Ōe was born in Hata District, Tosa Domain, what is now Ōtsuki, Kōchi. He grew up in Nagasaki, but towards the end of the Bakumatsu period returned to his native Tosa to join the Rikuentai, a paramilitary group of Tosa samurai supporting the Sonnō jōi movement and dedicated to the overthrow of the Tokugawa shogunate. His fellow members included Sakamoto Ryōma, Nakaoka Shintarō and Mutsu Munemitsu. In 1868, he participated in an attack against the foreign consulates in Kobe.

After the Meiji Restoration, Ōe left Tosa for Tokyo in 1871 and joined the new Meiji government. Somewhat ironically for his xenophobic background, he was assigned as a judge to assist Mutsu Munemitsu (who had been appointed governor of Kanagawa Prefecture) in the management of foreign affairs at the port of Yokohama. Ōe played a central role in the María Luz Incident, in which the Japanese government took steps to rescue 232 Chinese indentured laborers from a Peruvian ship, over the vehement protests by the Western nations. The incident also led to legislation in 1872, emancipating burakumin outcasts, prostitutes and other forms of bonded labor in Japan.

In 1877, Ōe returned to Tosa, in an attempt to encourage his countrymen to rise up against the central government in support of the Satsuma Rebellion. After the failure of the rebellion, he was arrested for treason, and sentenced to twelve years in prison.

Ōe returned to Tokyo in 1890, having been elected a member of the lower house in the Diet of Japan in the 1890 General Election as one of the founding members of the Liberal Party. He spoke out strongly against increasing government corruption, and the ever increasing military expenditures. He left the government in 1892 to become President of the Tokyo Stock Exchange. In 1899, he became one of the founders of the Keifu Railway Company, which aimed at establishing a railway connecting the Korean capital of Seoul with the southern port city of Busan.

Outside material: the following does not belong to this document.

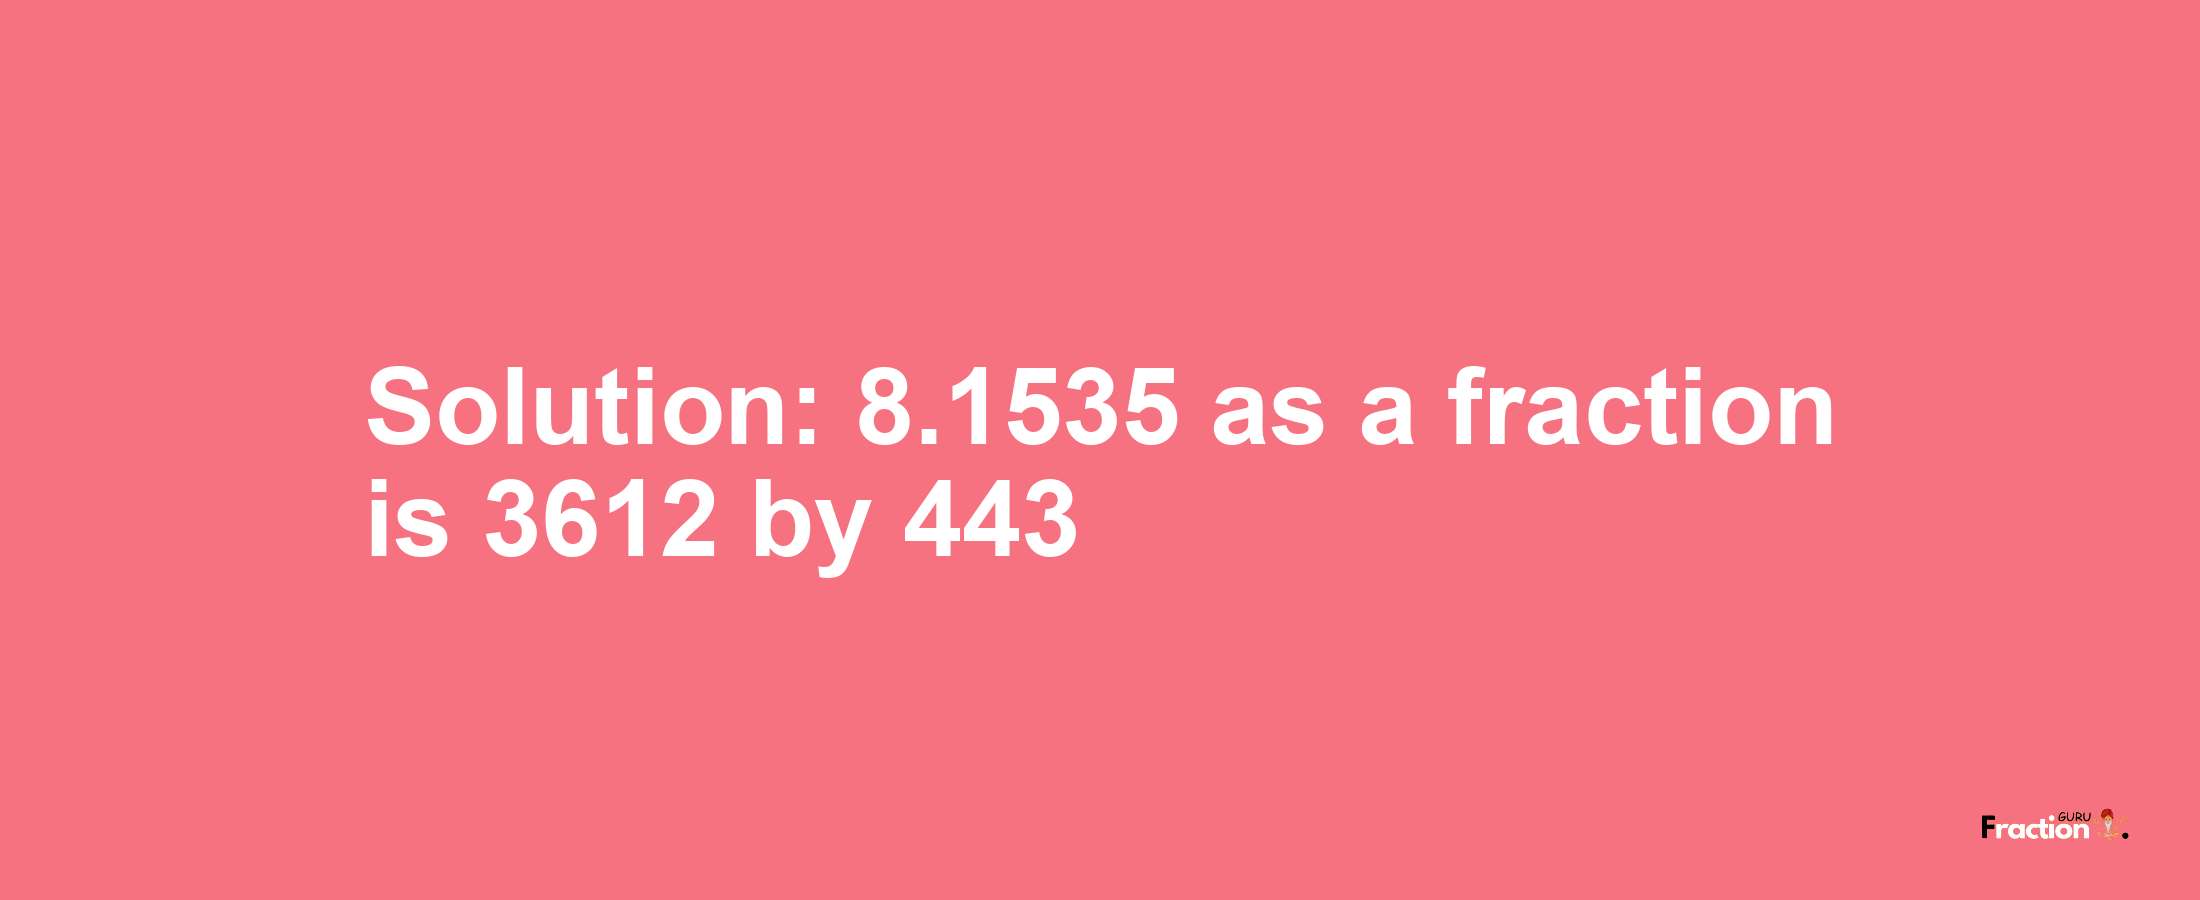 Solution:8.1535 as a fraction is 3612/443

However, in 1914, Ōe retired from all business and political activities, took the tonsure and became a Buddhist priest of the Sōtō Zen sect, and traveled around the country. In his final years, he became an outspoken proponent of ending all discrimination with regards to the burakumin outcasts. He died of stomach cancer in 1921; his grave was at the Aoyama Cemetery in Tokyo.